Game makers, the really good ones, they want to make great games but they also want to make blockbusters. One of the things they need to do is balance that out – I have the right team to help them.

I volunteer you to speak to EA’s studio heads; they’ll tell you the same thing. They’re very comfortable moving the discussion towards how we make connected gameplay – be it co-operative or multiplayer or online services – as opposed to fire-and-forget, packaged goods only, single-player, 25-hours-and you’re out. I think that model is finished.

Online is where the innovation, and the action, is at.

My point was that you want to keep these studios creatively independent, but at the same time you have to insist on certain features, such as online. It’s the friction between those two that I was enquiring about.
Well you say ‘insist’, I say inspire. What I learned early on in my career was that, if you’re going to lead a creative team, you have to inspire people. They’re the ones living in the game.

I always found it a big problem when a game’s executive producer would come up to me and ask what I should do next. I would always respond that’s not my job. You’re job is to come up with the creative vision, mine is to edit and tweak so it’s a bigger commercial opportunity. I’m very clear about that.

Let’s move on. Are you trying to send a message across the industry by allowing studios to rename themselves and move away from the ‘EA location’ moniker?
Yes, absolutely. We’re respecting our studios, we’re giving them their own ethos, allowing them to break free of this corporate identity. And that actually helps me out as well. Allowing EA LA to rename itself Danger Close gives the studio a bit of an edge. I want them to be competitive; I want them to recruit their own teams.

And, I mean, how exciting a name is EA Redwood Shores?! … How about Visceral? Again, that was a name decided by the team itself, and all of a sudden it completely changed the dynamic of the studio.

Should we expect, in the end, that no studio will be named ‘EA Location’?
I don’t think all of them will be renamed, but if you look at the studios that I manage most have their own names now. There are a couple of places that still have an ‘EA location’ name, but we haven’t figured out an identity for them, or what they’re going to do.

And is this another kind of competition you’re having with other publishers? Is dev happiness something you need to be number-one at for competitive reasons?
Absolutely. This is a relatively small industry from a talent standpoint – there just are not that many producers or creative directors that know how to make big hits. We have to create an organisation and a culture that is, frankly, engaging for them. They are talent and we need to give them reasons to come to us.

EA Partners was, actually, one way we moved into this approach, because we want to attract the best and brightest developers in the world.

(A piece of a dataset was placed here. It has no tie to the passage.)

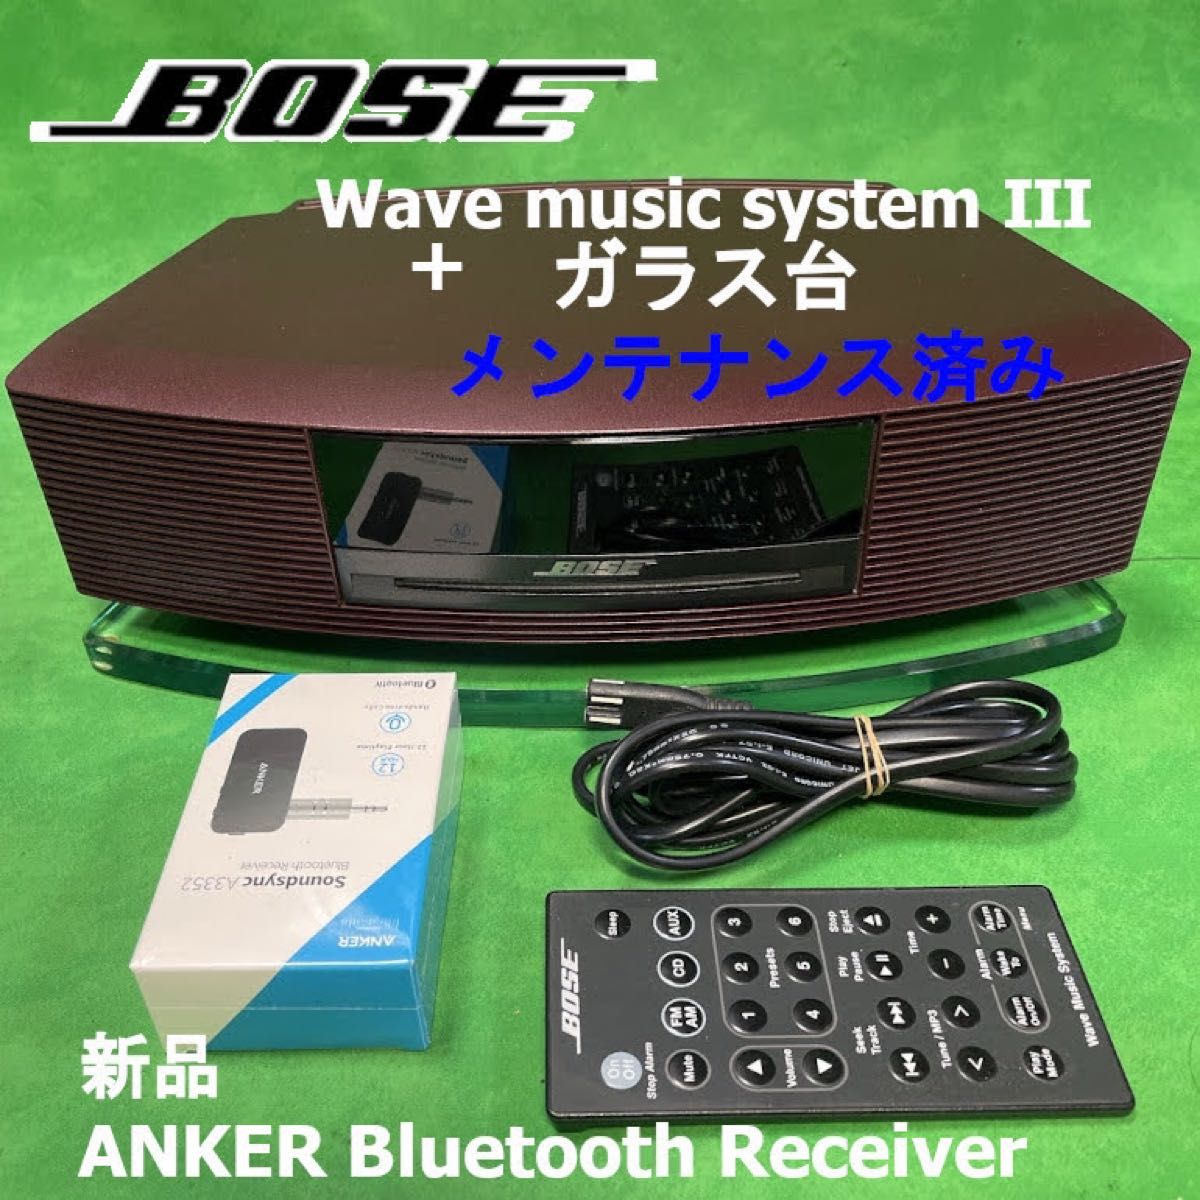 BOSE Wave music system Ⅲ オーディオプレーヤーガラス台付-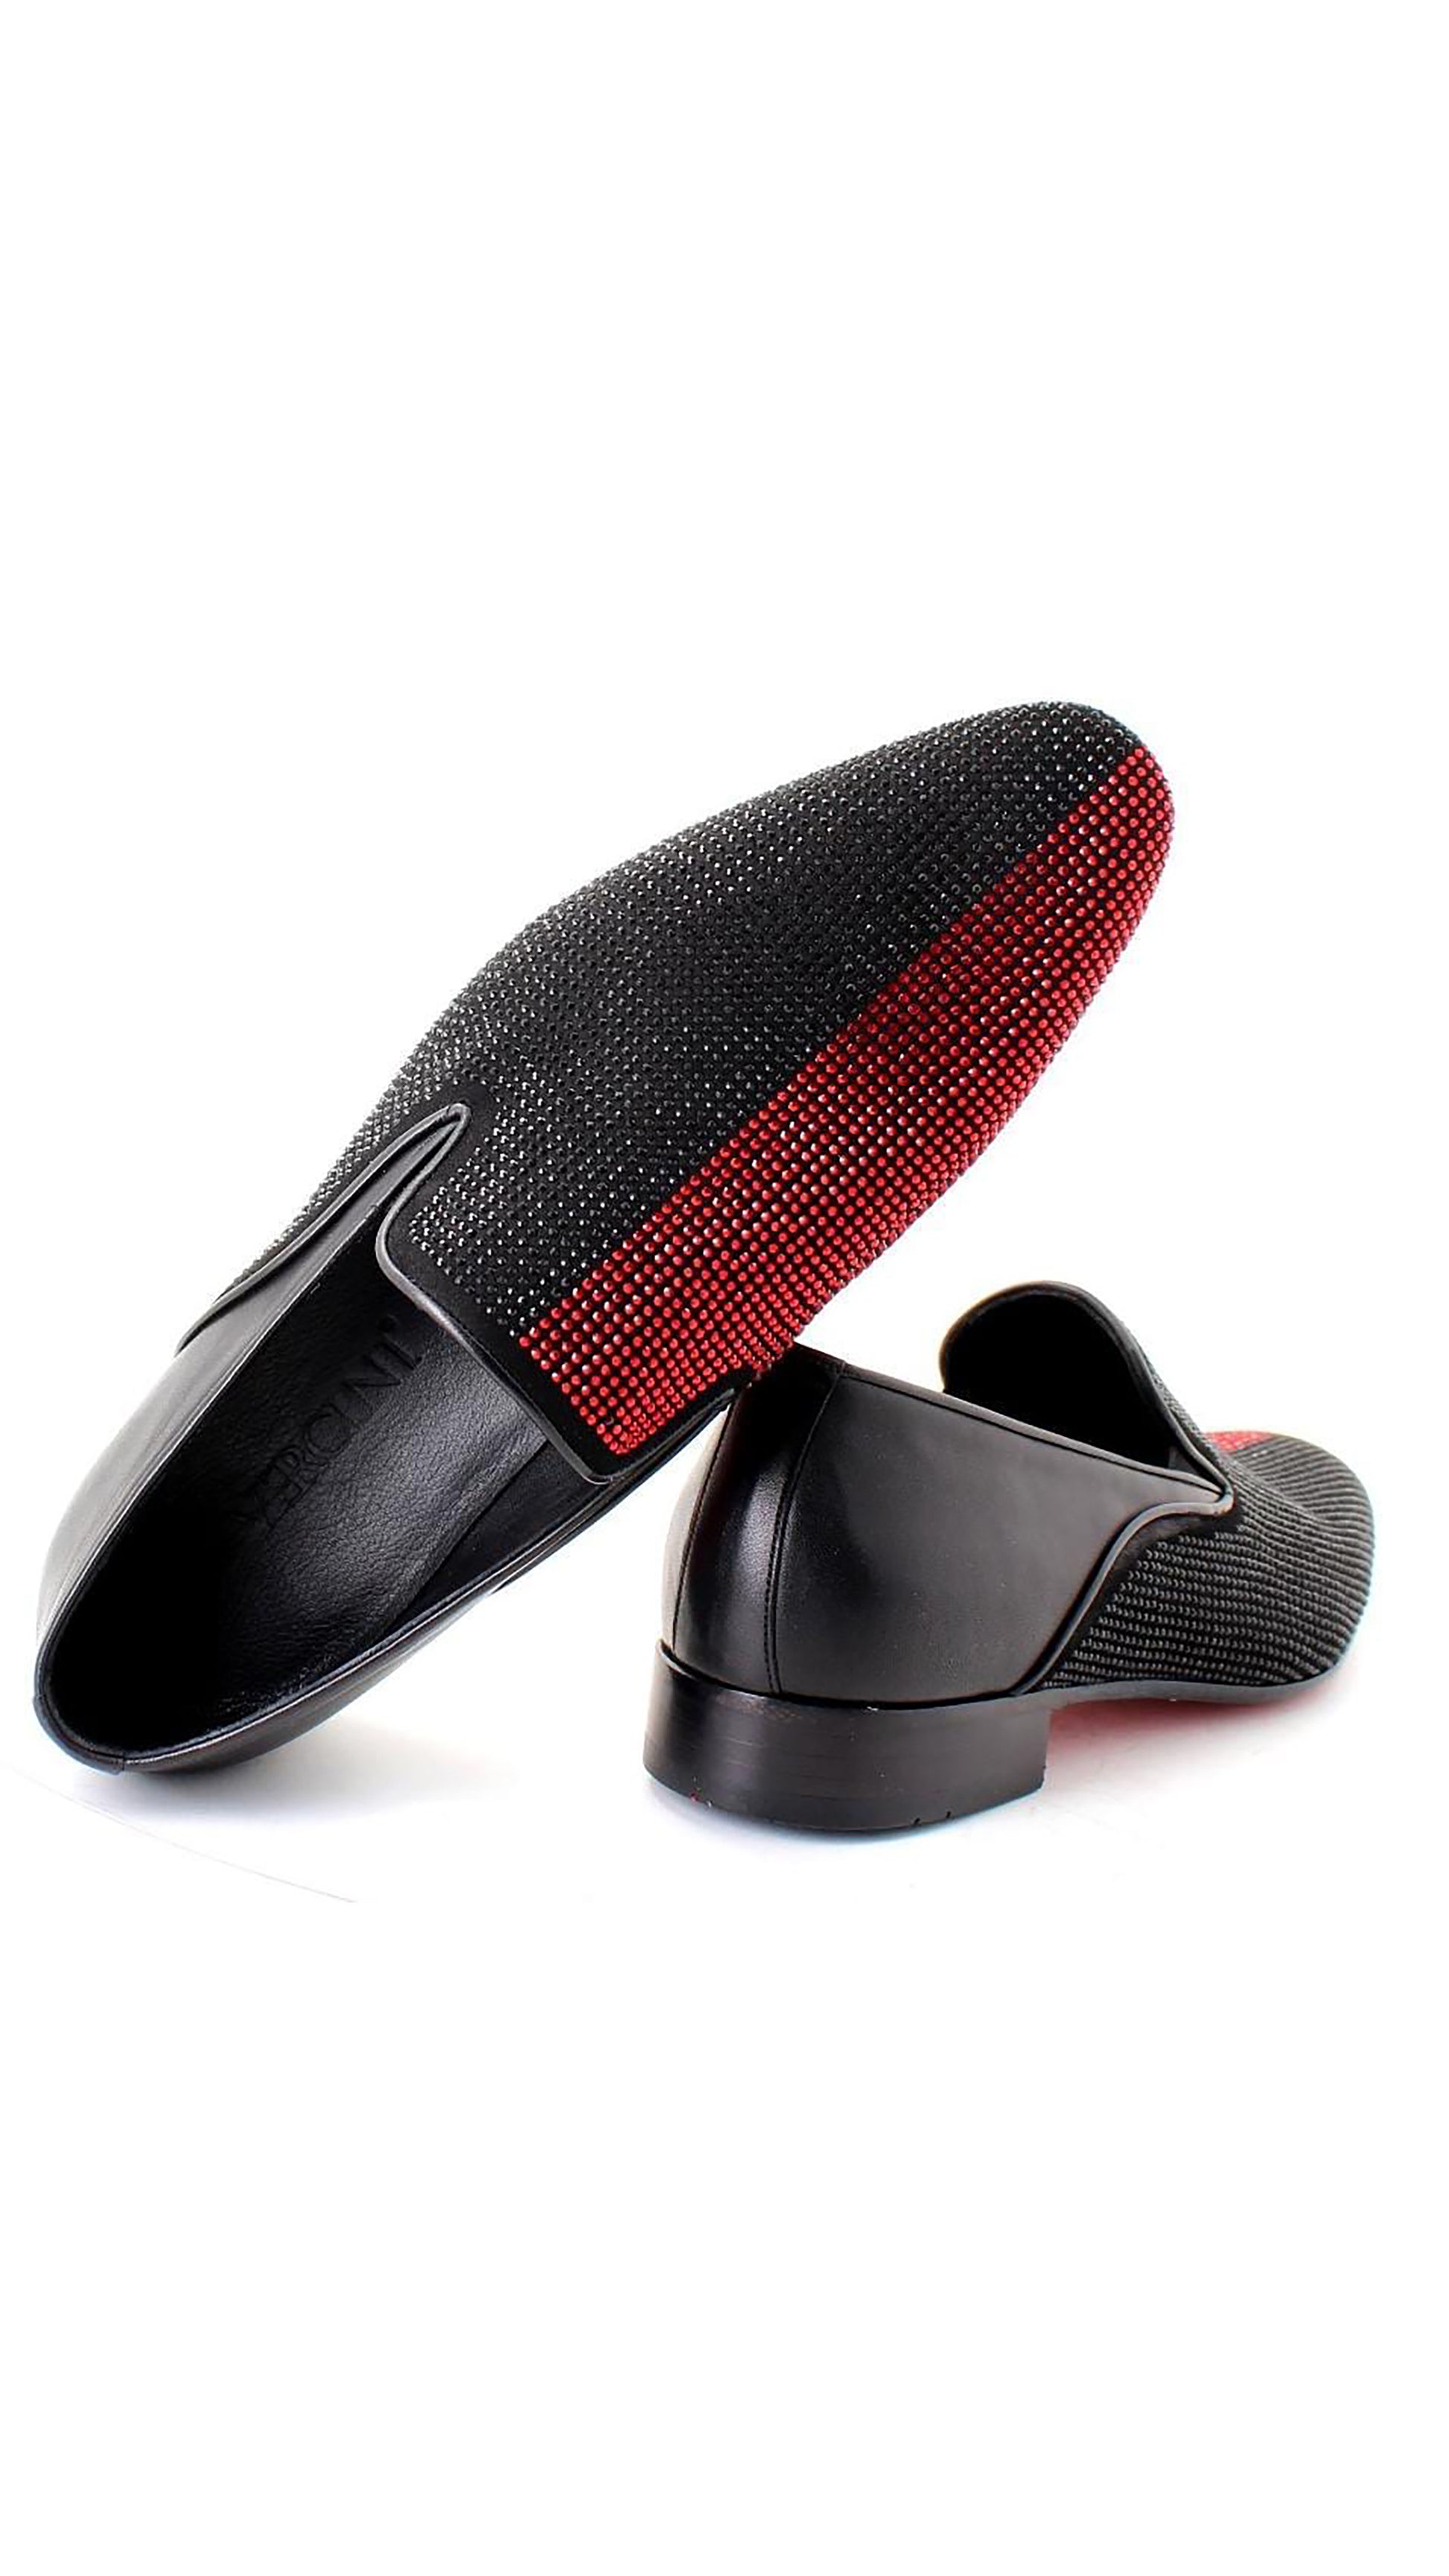 Vercini Radiant Red Accent Loafers SHOES Shoe Collection Vercini

And we will change our entire business practices, and we will change how we bring games to market based on who you are.

Epic, Crytek, Valve – we’ve really changed how we approached these studios, and we now have Insomniac and Respawn as partners.

Looking ahead into the next three years, we’re going to change a lot of ideas in regards to content delivery mechanisms. We’re going to try out new price-points, and we’re going to try free-to-play models within my group – things like we did with Battlefield 1943, which was a $10 XBLA game that did extremely well. So we’re going to focus more on content delivery models.

Does the Partners business model mean that EA will acquire less?
I’m not dying to add capacity, I’m very happy with the studios that we have and now I’m trying to optimise that and make it powerful.

In terms of our Partners programme, yeah we want it to grow. We want to continue to find great independent talent out there.

I’m obviously not going to say no to every single acquisition opportunity, because who knows what’s around the corner. But I think we have enough.

Finally, how close were you to signing a deal with Bungie?
I wouldn’t want to comment on that. That’s all in the past.